Test caps were handed out like pamphlets over the last five years and disproportionate burden was placed on the ageing shoulders of James Anderson and Stuart Broad; there are still no long-term replacements for the two with the rise of Jofra Archer coming at a fortuitous time that has covered up a gaping hole in England’s Test plans.
But England, and more specifically national selector Ed Smith, did get one aspect of team selection spot on – identifying white-ball talent that can flourish in red-ball cricket.
Paul Farbrace saying on TMS that Jason Roy should open for England in the Ashes. Got to be the odds on option now.....— Paul Newman 🌈 (@Paul_NewmanDM) June 8, 2019
Jos Buttler was handed a Test recall last year following a fine IPL stint with Rajasthan Royals. His counter-attacking batting, along that of the astute Sam Curran, was a deciding factor in England’s 4-1 Test series win over India in 2018.
Smith stuck his neck out and saw something in Buttler that could work in Test cricket.
“It is the whole package with Jos. It is what he is capable of, what the opposition know he is capable of and what he brings to the side beyond merely batsmanship,” Smith had said.
Brilliant as that move was, Buttler had at least played Test cricket before and it was a matter of bringing him back at the right time, like India have done with the recall of Rohit Sharma.
The Test selection of ODI megastar Jason Roy is an even more brave call. And it is one that can bring greater success.
When you get once-in-a-generation top-order batsmen like David Warner, Virender Sehwag and Roy, having them on the frontline of Test cricket can be a masterstroke.
Whether or not Roy has a good first-class record is immaterial; the form that he is in and the manner in which he ripped world-class bowlers apart during the World Cup show he is in a headspace where there is just no fear.
In the World Cup semi-final against Australia, England were chasing a tricky target of 224. Australia had their tail up and it could have all gone south quickly for England if they lost a few early wickets.
With the leading wicket-taker of the tournament – Mitchell Starc – steaming in, Roy hit back with such ferocity, the defending champions stopped in their tracks. Starc went for 50 runs in his first five overs and it was game, set and match.

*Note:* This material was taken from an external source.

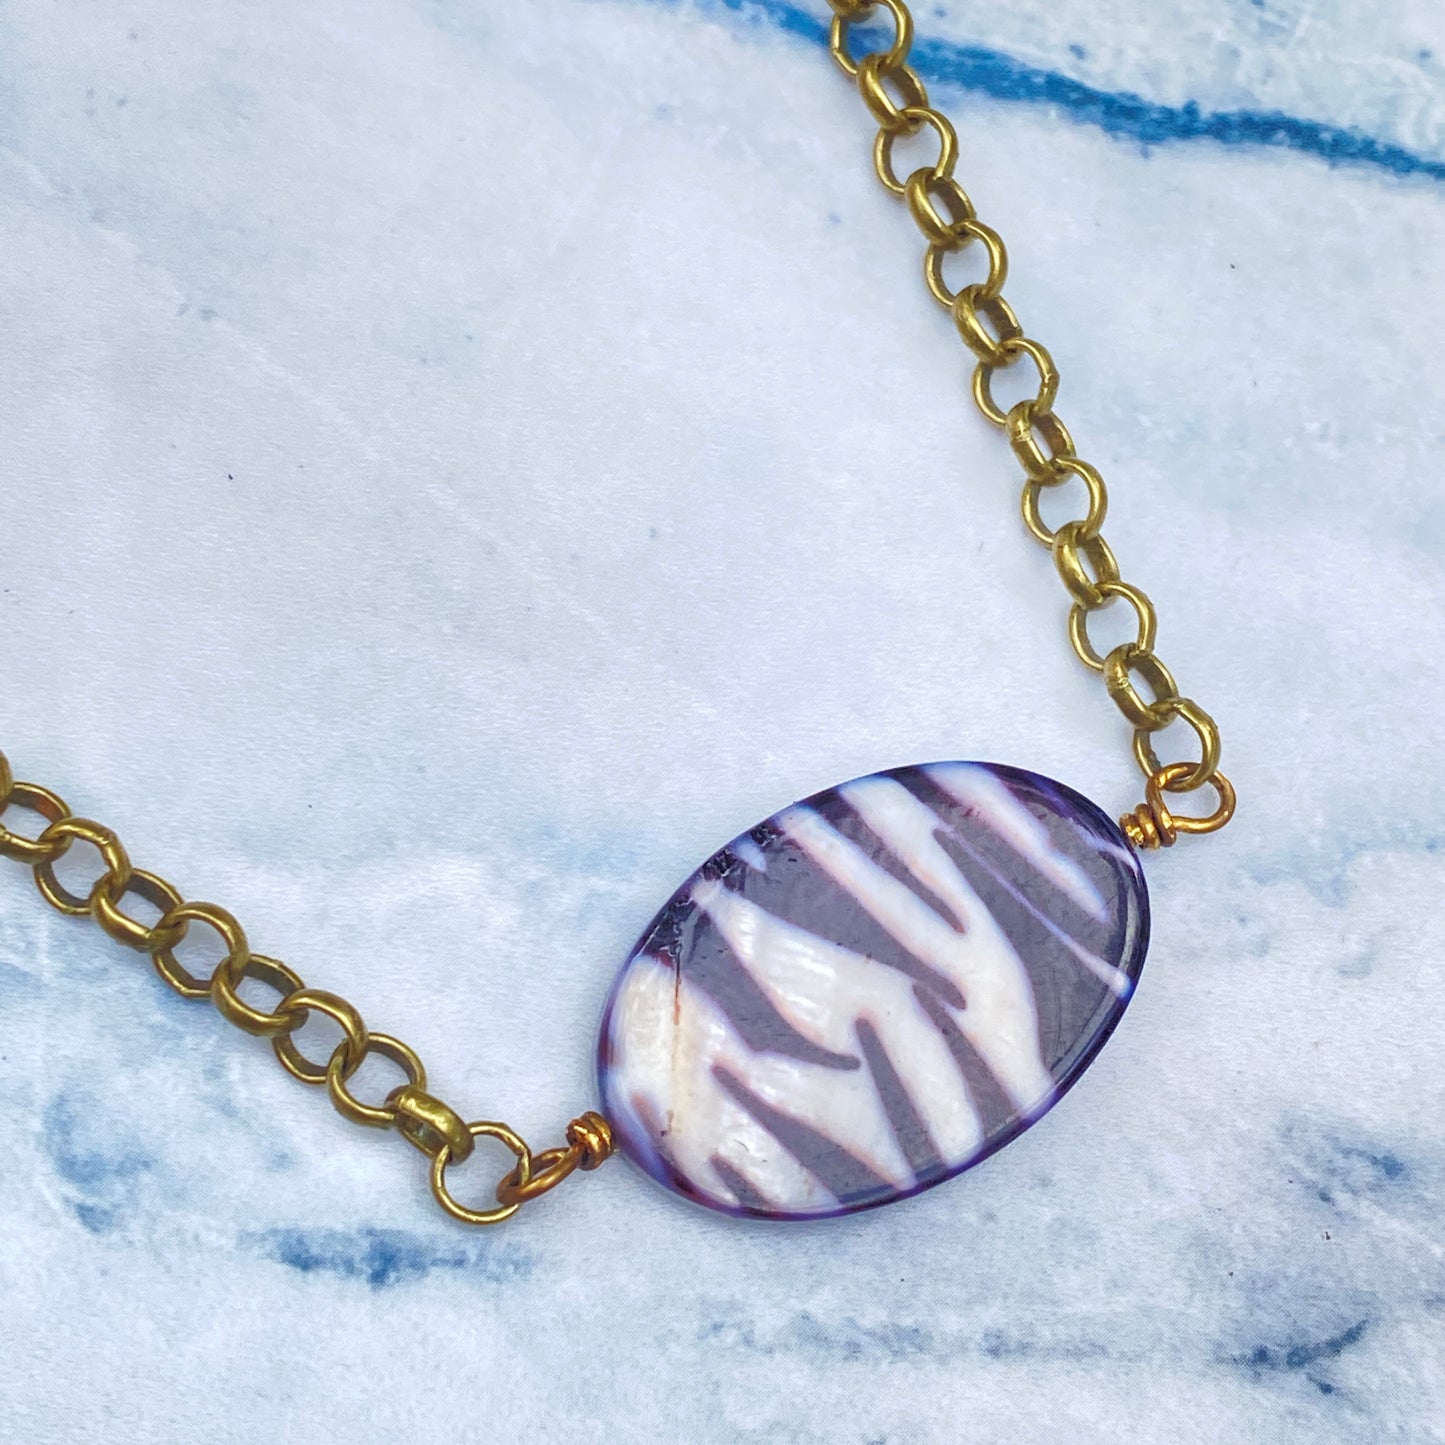 Zebra Print Mother of Pearl Choker/Necklace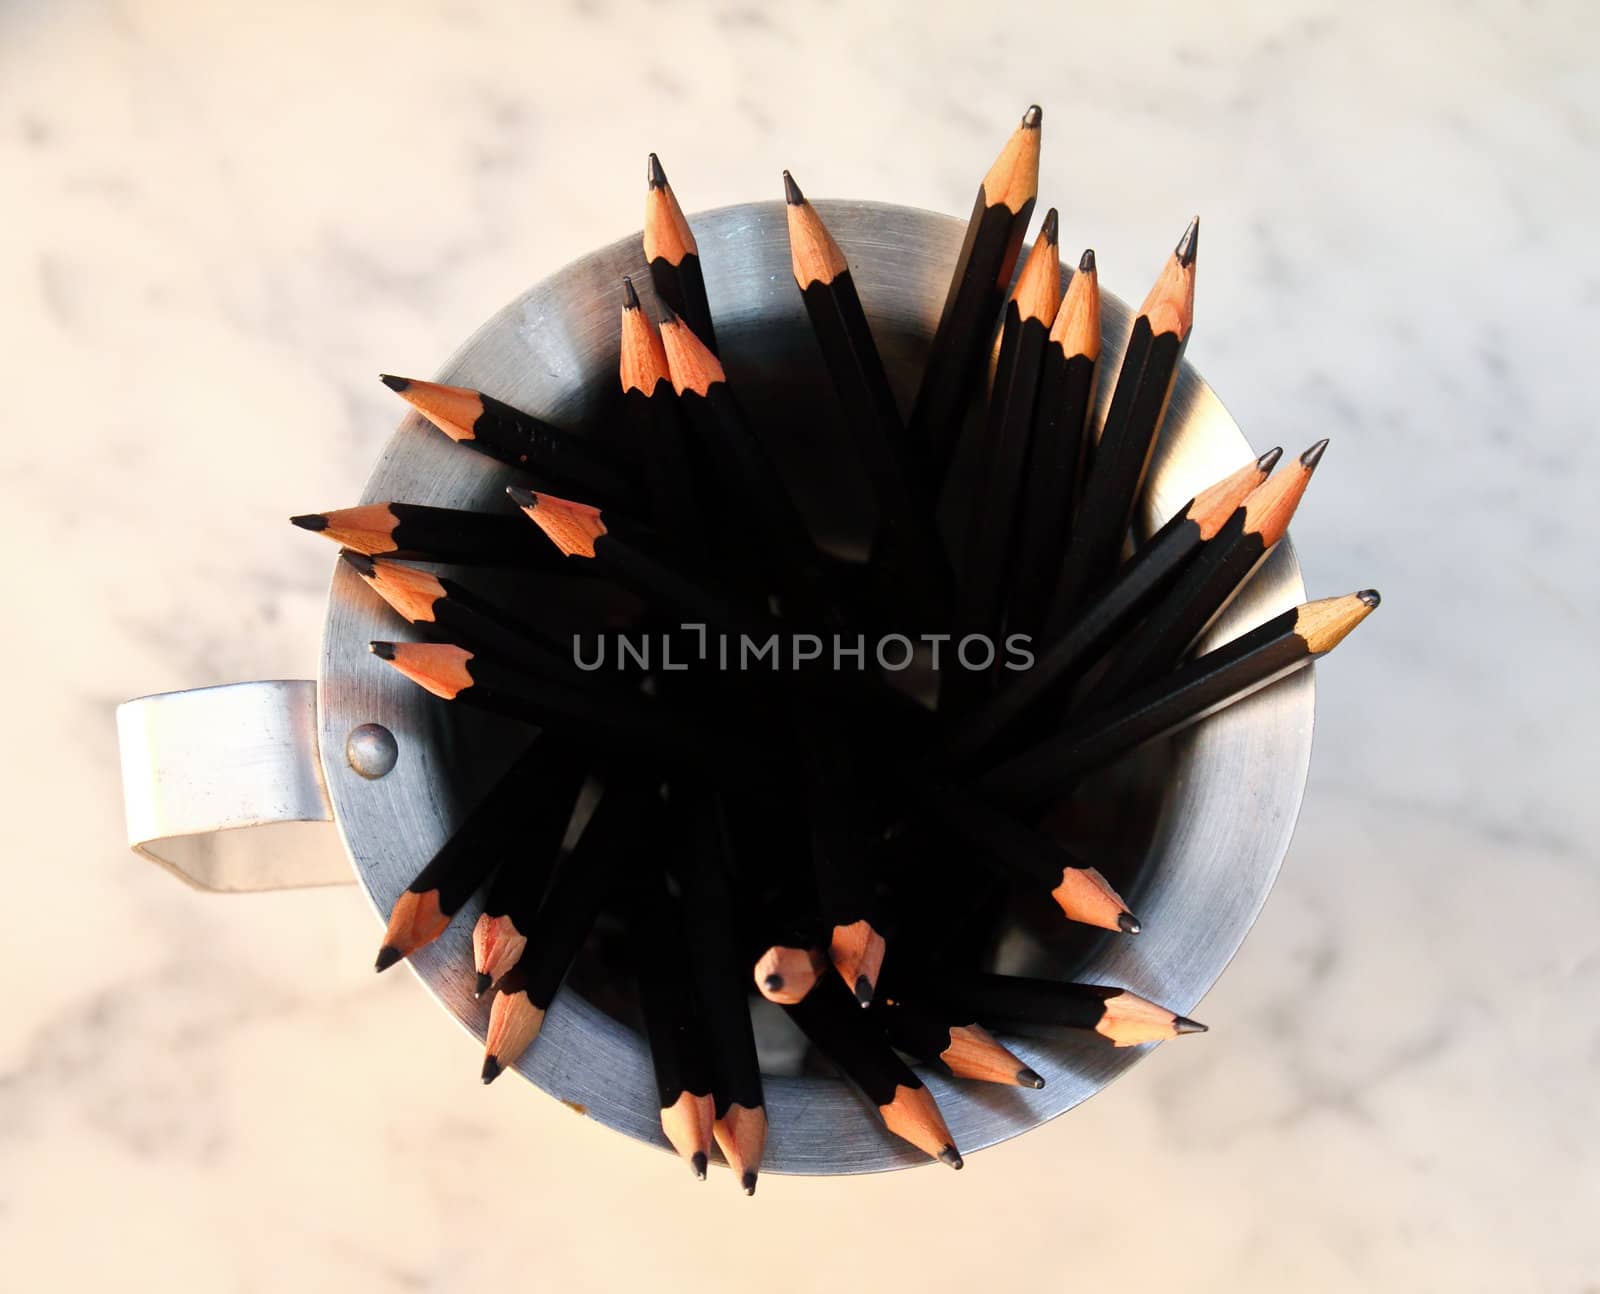 Bunch of pencils on cup

Take that fearless mentality and put it into the Ashes, and you get the possibility of a hundred in a session. It is a rare quality to have – fearless batting against the new ball with decent technique.
If Roy does end up opening the batting, as he should, Australian quicks won’t be able to dictate terms. Especially if he goes after Starc early and it comes off.
Roy is definitely no Strauss or Cook and he should not be expected to graft either, because there are others in the line-up who can do that. Allowing Roy to bat, and even fail, they way he has in ODI cricket should be the main task of Joe Root and England.
Because if he gets going, Roy can set a Test up in one session.